Module V·Article II·~5 min read
Stochastic DP and LQG Control
Stochastic Optimal Control
Turn this article into a podcast
Pick voices, format, length — AI generates the audio
When a system is random, the optimal control itself becomes a "function of the stochastic history." Stochastic DP generalizes the Bellman equation to the case of random transitions and discounted expected rewards — this is the mathematical foundation of reinforcement learning (RL). A special case — LQG (Linear-Quadratic-Gaussian) — gives an elegant closed-form solution via the separation principle (Joseph-Tou, 1961): optimal control = LQR regulator applied to the state estimate from the Kalman filter. This is an exceptional "gift" of Gaussian linear systems; in the general case, such separation does not exist.
Stochastic Bellman Equation
Problem: max E[Σ_{t=0}^T β^t·r(x_t, u_t)] subject to x_{t+1} = f(x_t, u_t, w_t), w_t ~ p(w).
Stochastic Bellman equation: V_t(x) = max_{u ∈ U} [r(x, u) + β·E_{w}[V_{t+1}(f(x, u, w))]].
Backward induction: V_T(x) = r_T(x) (terminal). For t = T−1, ..., 0: V_t(x) = max_u [r(x, u) + β·Σ_{x'} P(x' | x, u)·V_{t+1}(x')].
Here, P(x' | x, u) is the transition probability. The expectation E_w integrates over random noise.
Infinite horizon: V(x) = max_u [r(x, u) + β·E_w·V(f(x, u, w))]. This is the Bellman operator equation; its solution is the unique fixed point of the β-contraction operator (Banach theorem).
Numerical Example: Inventory Management Problem
State x ∈ {0, 1, ..., 100} — inventory.
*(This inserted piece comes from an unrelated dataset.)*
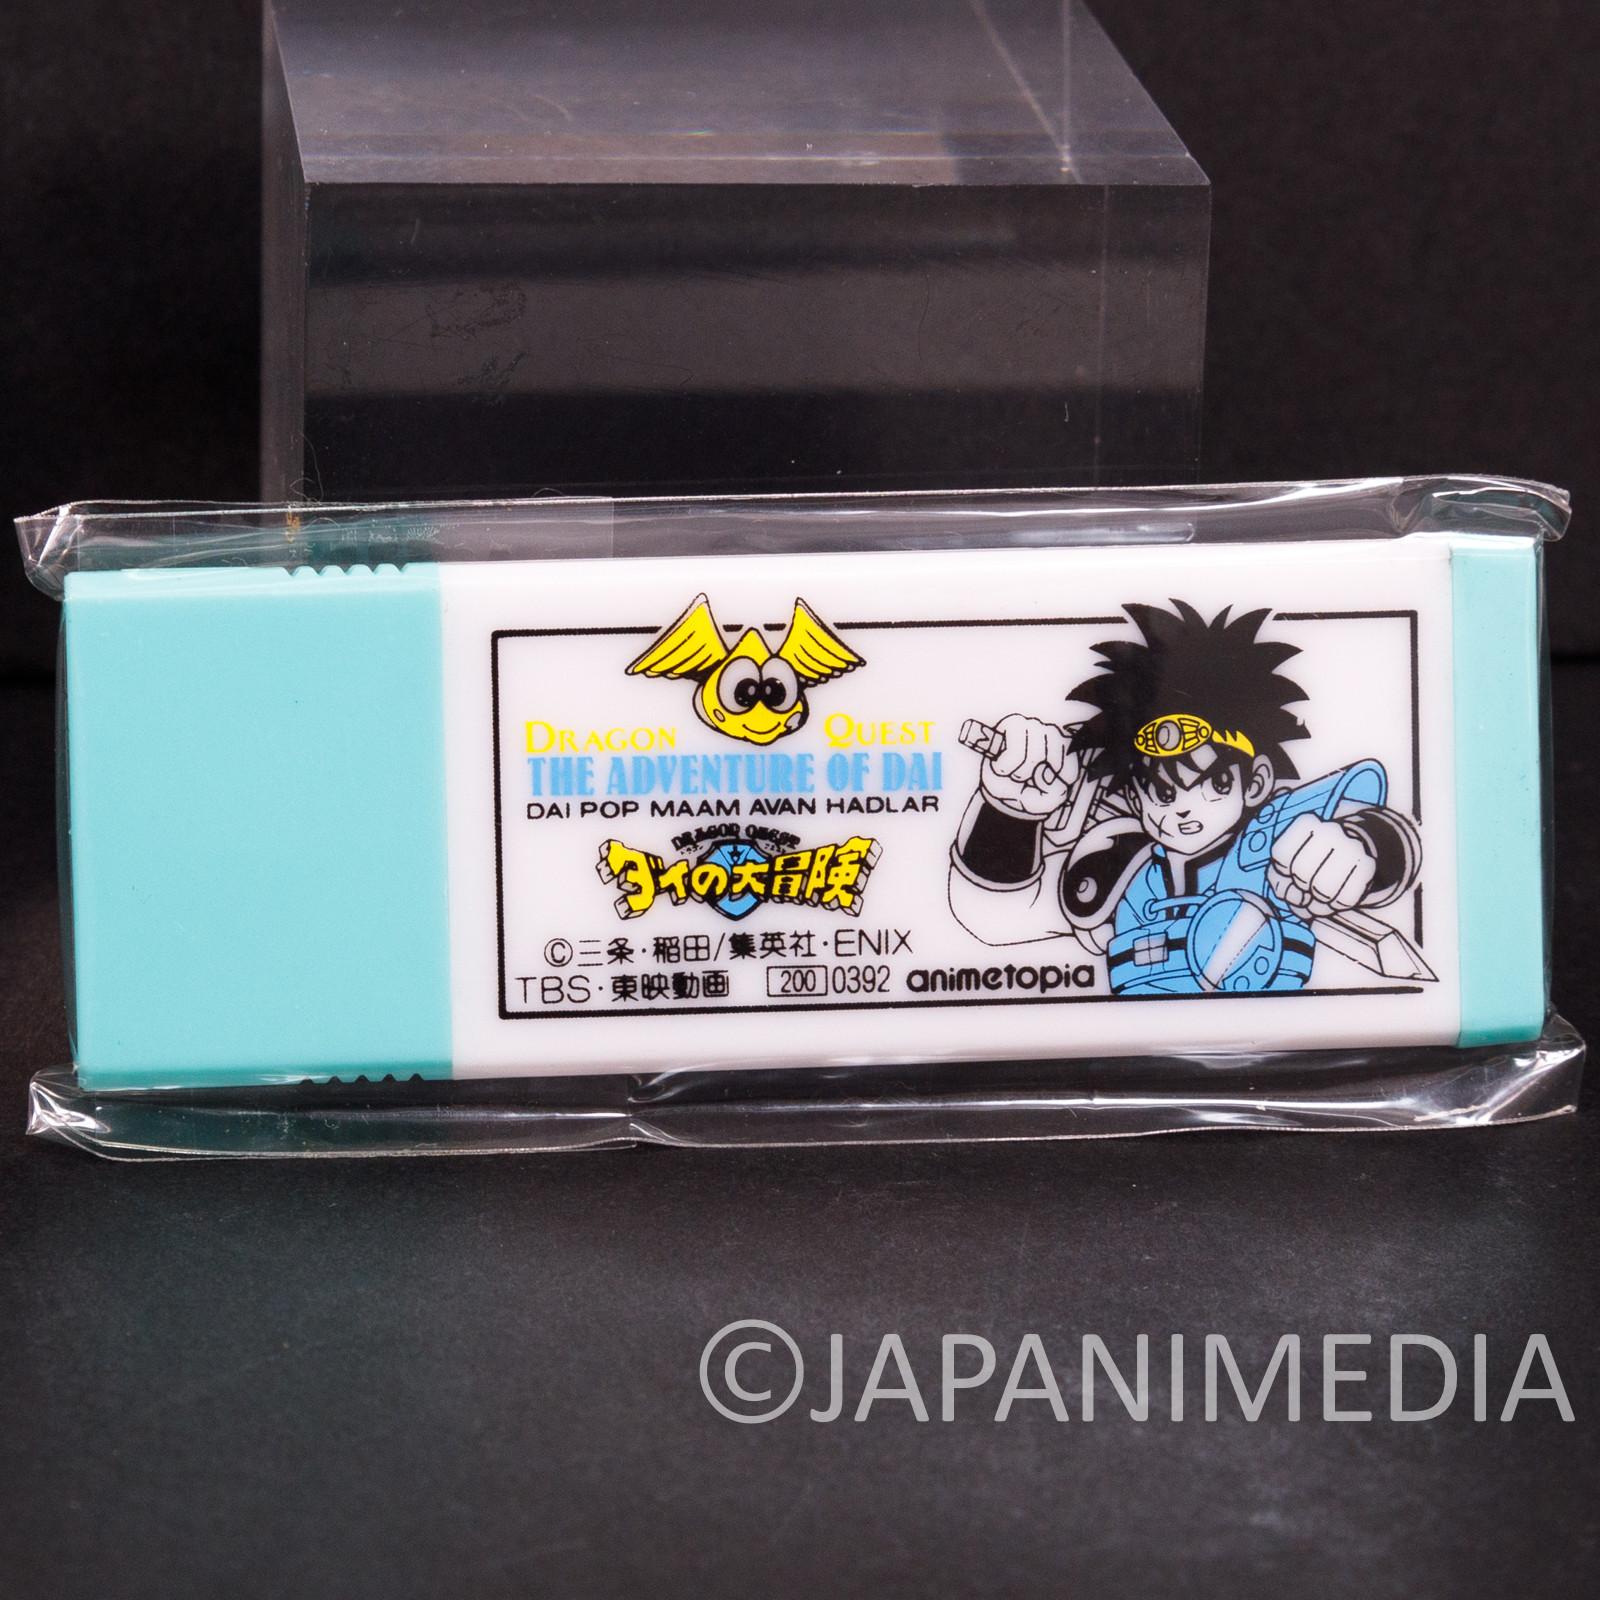 Dragon Quest: The Adventure of Dai Mechanical Pencil Lead JAPAN ANIME MANGA

Action u ∈ {0, 1, ..., 50} — order size. Demand shock d ~ Binomial(20, 0.5) — random. Dynamics: x_{t+1} = max(0, x_t + u_t − d_t). Reward: r(x, u) = (sales) − (ordering cost) − (storage cost) = min(x + u, d) − 0.5·u − 0.1·max(0, x + u − d).
VFI for infinite horizon with β = 0.95 produces an (s, S)-type policy: "if inventory < s, order up to level S." Numerically: s* = 8, S* = 25 for the given parameters.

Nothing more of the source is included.